Flight Mechanics Lectures - Snippet #2

Added: 2026-05-19

[00:00:03]Let us actually dwell into that before we go any further. I think it'll be mathematically simpler.

[00:00:09]So, >> [clears throat] >> the diffuser, right? I'm going to draw it here.

[00:00:17]Well, I have the I have the picture.

[00:00:20]I don't need to draw anything.

[00:00:30]The diffuser here, this is the diffuser.

[00:00:38]It's going to increase our static pressure.

[00:00:44]It's going to increase our static pressure as a function of, of course, the dynamic pressure.

[00:00:51]Not all of the dynamic pressure is going to be converted to static pressure. That would be impossible. That would require the air to become entirely stationary, which is not what you want. But, you know, you're going to get a certain increase of pressure, delta pressure, that is going to be more or less equal to the dynamic pressure.

[00:01:16]Dynamic pressure multiplied by um an efficiency um factor.

[00:01:22]Uh let's call it delta D uh eta D for diffuser.

[00:01:28]So, it means Hmm.

[00:01:39]That is equal to if we substitute this.

[00:01:47]This multiplied by 1/2 V squared inlet multiplied by the density.

[00:01:57]Now then, I am going to go right ahead and state that for World War II kind of manufacturing plant efficiencies, they they knew about diffusers quite well, but you know, in serial production things cannot be ideal and they didn't have computers to make it as accurate as possible. I'm going to assign it a value of 0.80 80% efficiency for this um for this diffuser.

[00:02:29]We'll just roll with that and see if it gives us a reasonable answer or not.

[00:02:34]Um so we have here an increase of pressure derived from the shape of the diffuser.

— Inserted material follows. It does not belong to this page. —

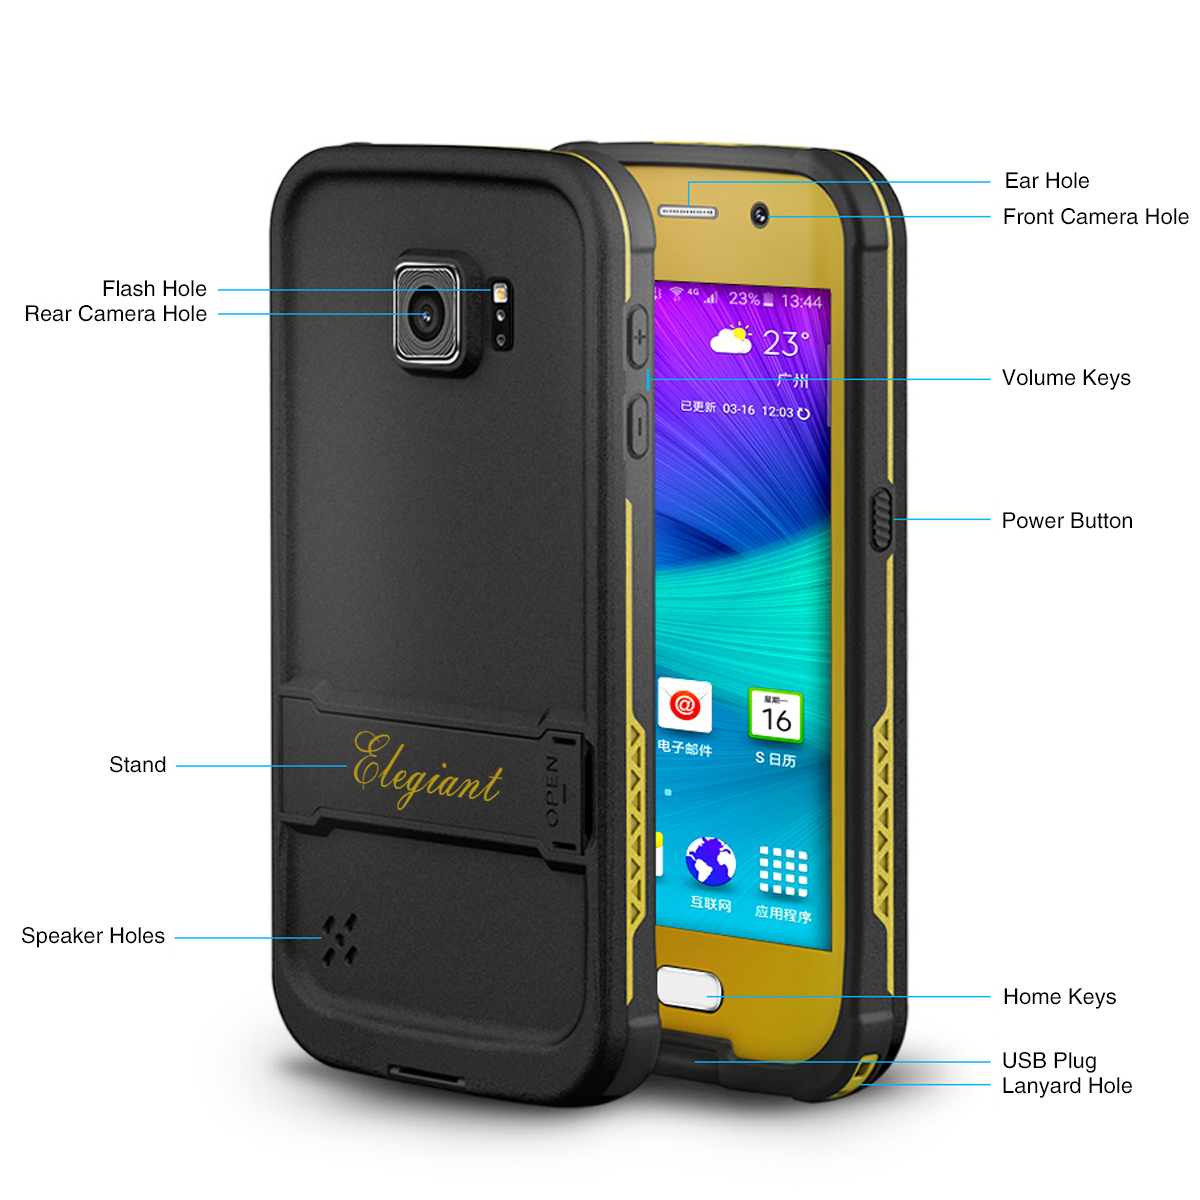 ELEGIANT-for-Samsung-S6-Waterproof-Case-Transparent-Touch-Screen-Shockproof-Full-Cover-Protective-Ca-1890798-4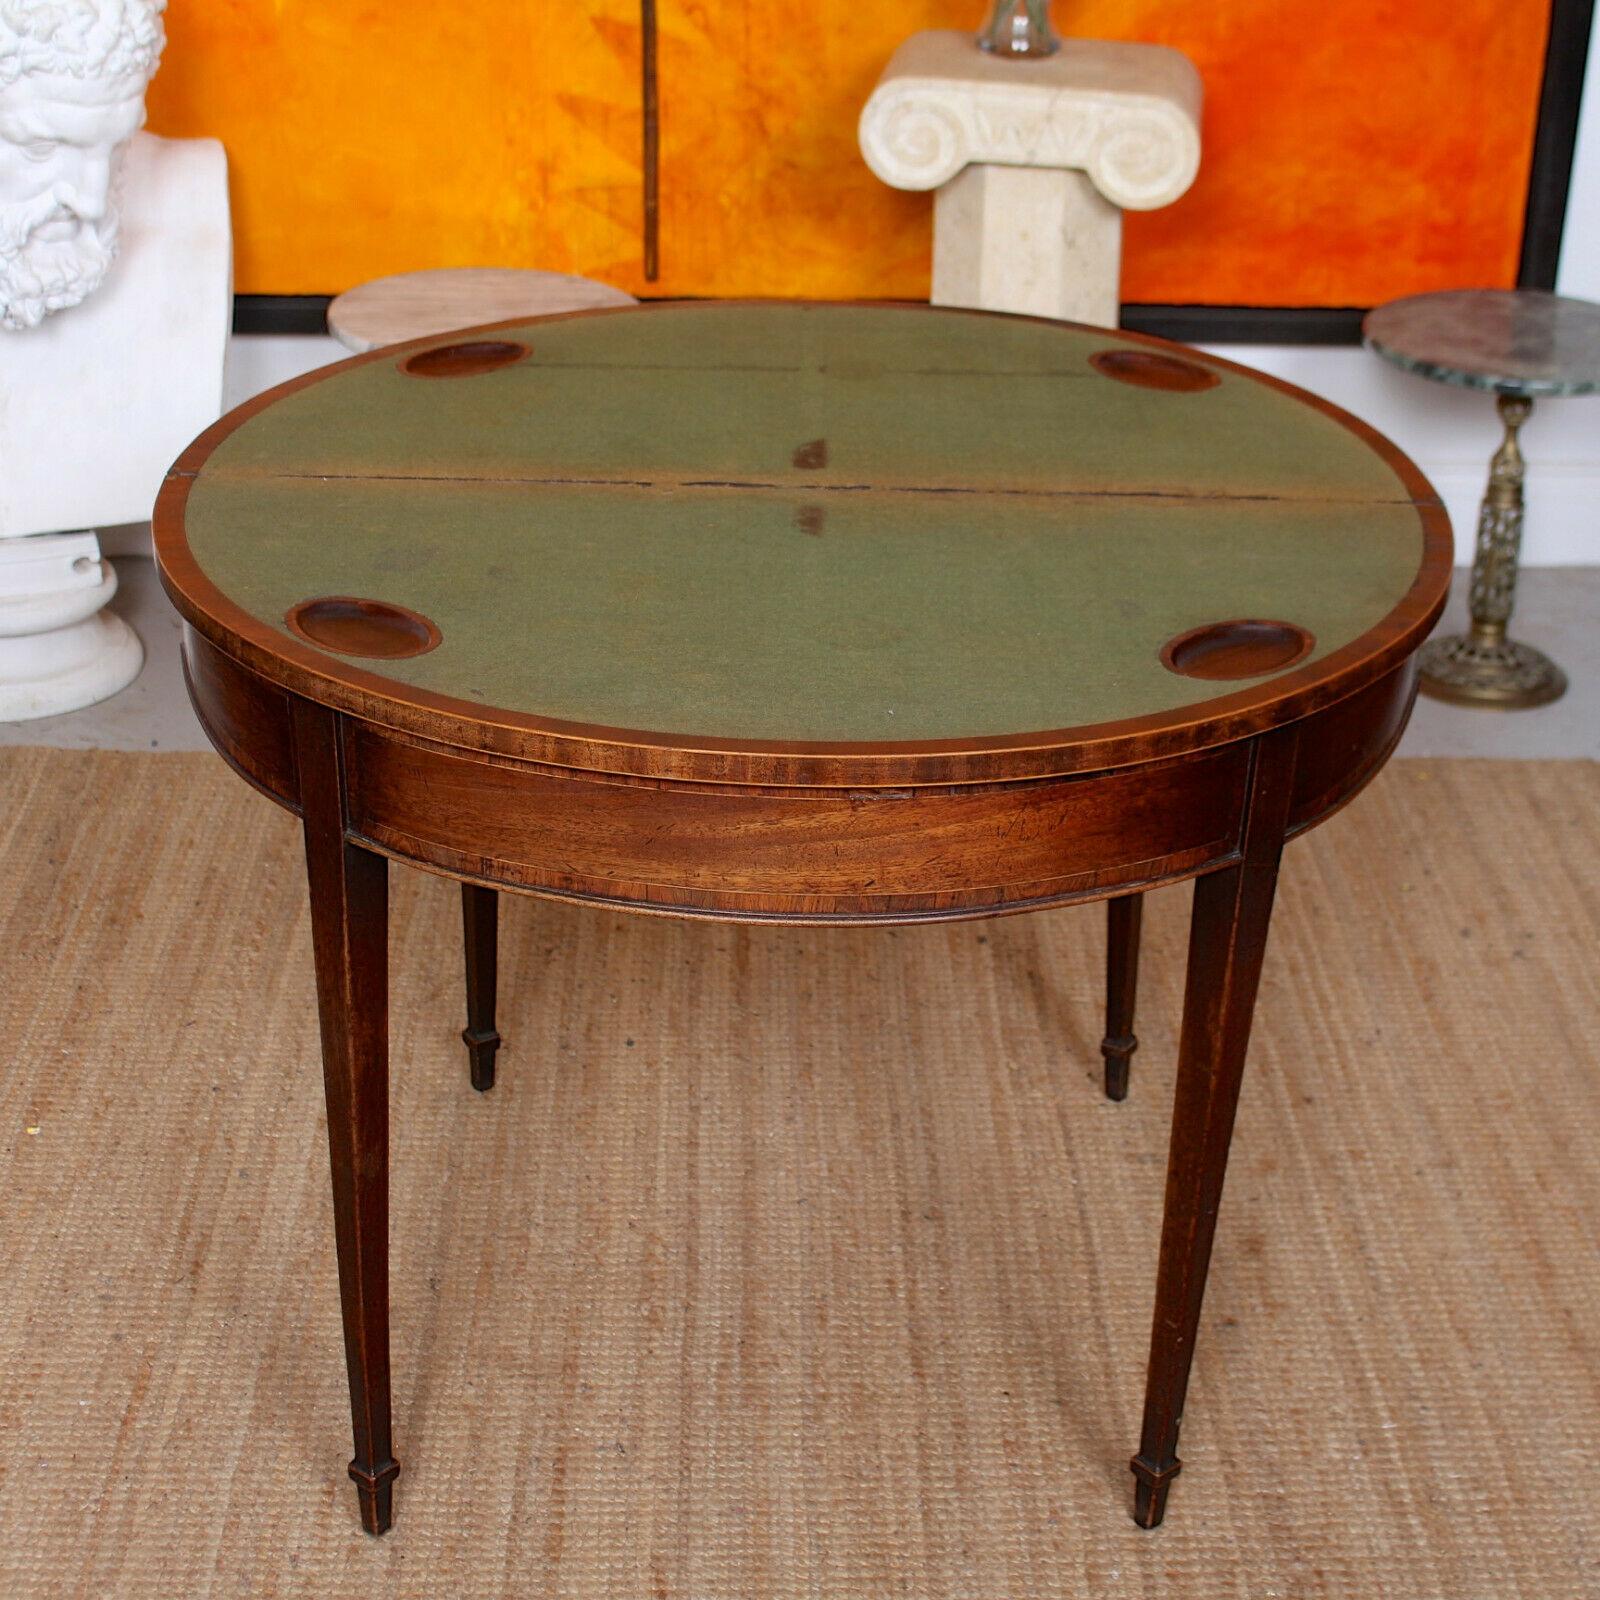 English Antique Demilune Card Table Victorian Circular Mahogany Folding Console For Sale 2

[00:02:45]But of course, this air is going to impact the radiator.

[00:02:49]And the radiator is essentially a collection of tubes and small passages for fluid to be in contact with the air.

[00:02:57]But whether you like it or not, even if you make the most brilliantly manufactured streamlined beautiful radiator, it is something you're putting in front of the air. The air literally has to go through it. So it's going to incur some losses.

[00:03:11]The beauty of the Meredith effect is that you have a positive pressure differential.

[00:03:16]This contribution here which just in case we're clear, we're talking about this side of the equation first. We'll deal with the first one later. But on this one, to have a positive differential of pressures where the exit pressure is better or more beneficial than the atmospheric pressure, you need to make sure that the extra pressure gain that you get from the diffuser is higher than the losses that you are going to be suffering from making the air go through the radiator. That obstacle you're putting in front of the air.

[00:03:49]So can you make the arithmetic so that your gain of pressure is superior to your losses of pressure? Well, let's let's mathematically find that out. So, I'm going to call the delta of losses delta L.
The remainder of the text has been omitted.